Standing in the kitchen of Vij's -- an Indian restaurant in Vancouver, British Columbia, that's been hailed as one of the finest in North America -- is an unusual and mouth-watering privilege.
At least it was, until some of the newest ingredients showed up.
One of those ingredients is crickets -- little eyeballs, legs and all -- especially yucky when you look at them really close up.
But not yucky to eat, according to Meeru Dhalwala, the restaurant's co-owner and chef. She says that not only do they taste good, they're good for the environment.
"Raising bugs for human consumption is environmentally much, much friendlier than raising cattle, raising chicken, raising pigs," she said, adding that the bugs aren't a replacement for meat, but a supplement.
"I'm not going to be up here and say, you know, that this cricket tastes better than the beef tenderloin that I serve," she said.
Her husband, Vij, the man with the name on the restaurant, says, "Bugs are in."
Nightline visited the restaurant when the crickets were on the menu for the first time. Vij Dhalwala says that diners just need time to get used to the idea.

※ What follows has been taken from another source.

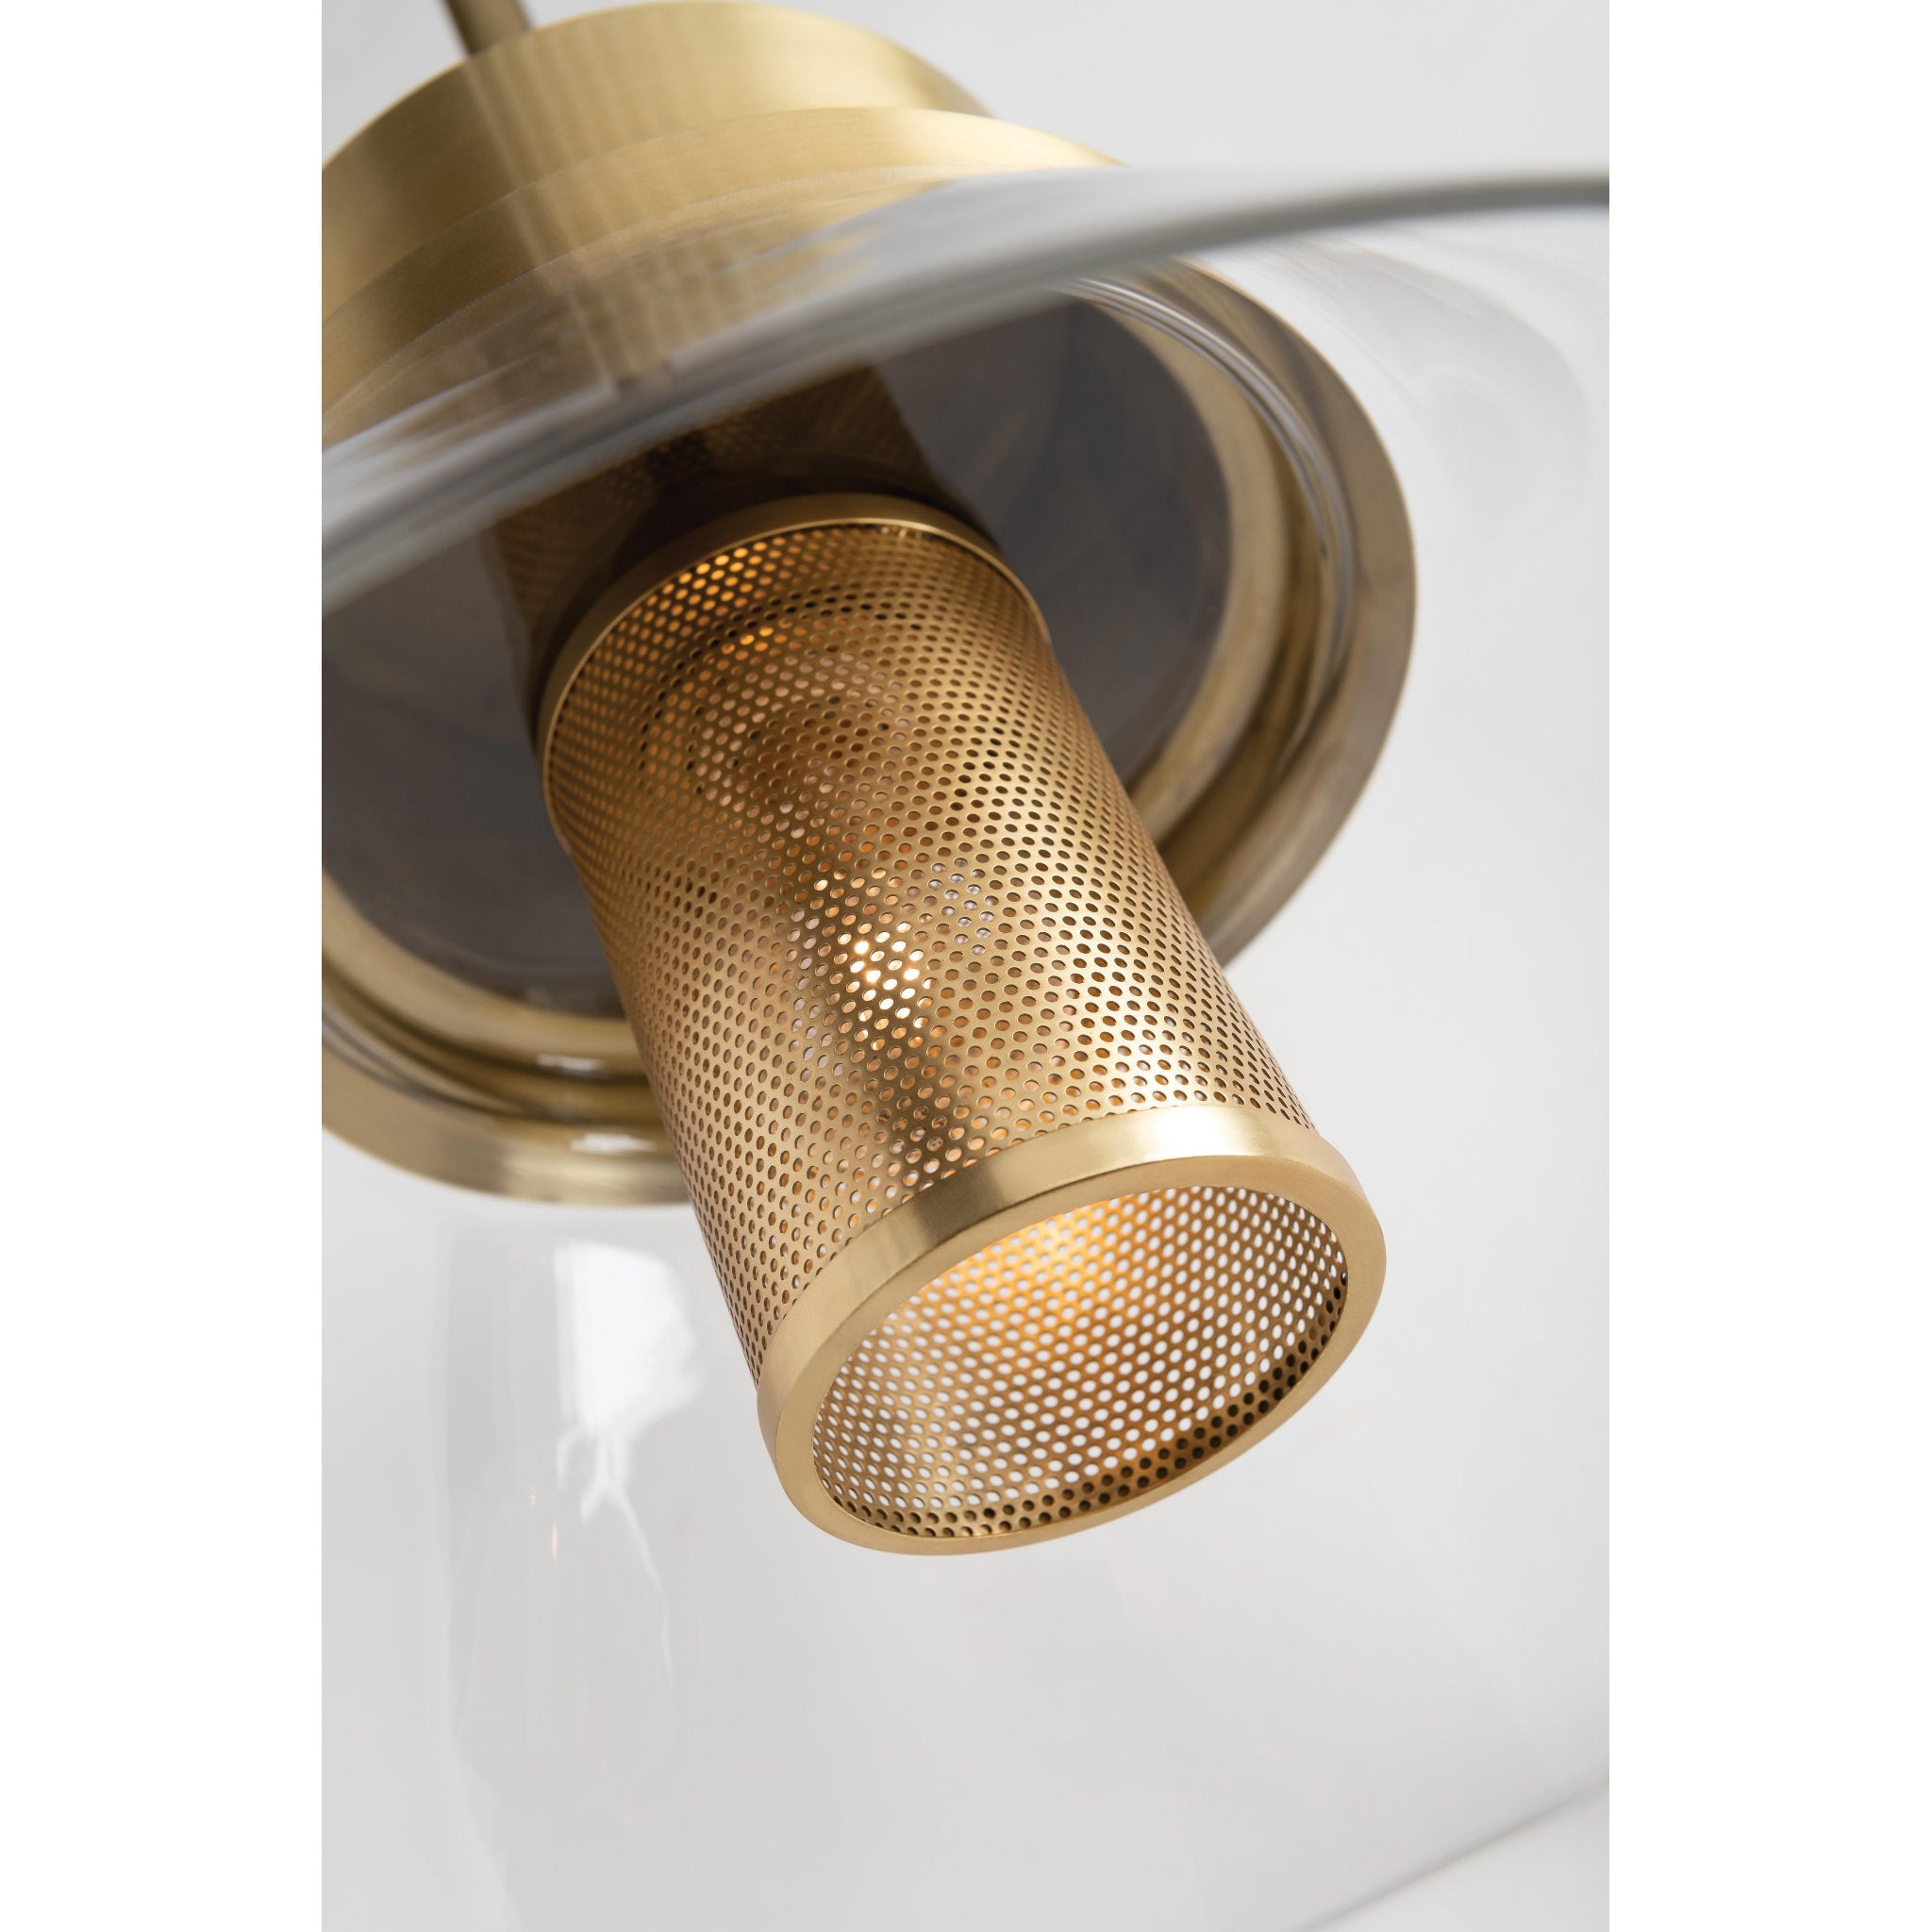 Paoli 1 Light Wall Sconce in Aged Brass

"Mutton kabobs were the same way," he explained. "People were like, Oh, mutton, I've never eaten mutton. We were the first ones to do it. I don't do it for the fear factor, I do it for the taste factor."
Still…bugs? Why bugs?
"These crickets happen to be way, way higher in iron than beef, chicken, pork, anything," said Meeru. "Much higher in iron. Much higher in calcium. They've got a fantastic amount of protein in them. Super low-fat."
And she says they're not as weird as you might think -- no more strange than prawns, for instance -- which is why fancy restaurants around the world are buying into bugs.
"Like Chex cereal," Meeru said.
But they won't look like bugs when they hit the dinner table. After a swift ride in the blender, they're rolled up, mixed with spices, cooked a little more and served up as "cricket paranta."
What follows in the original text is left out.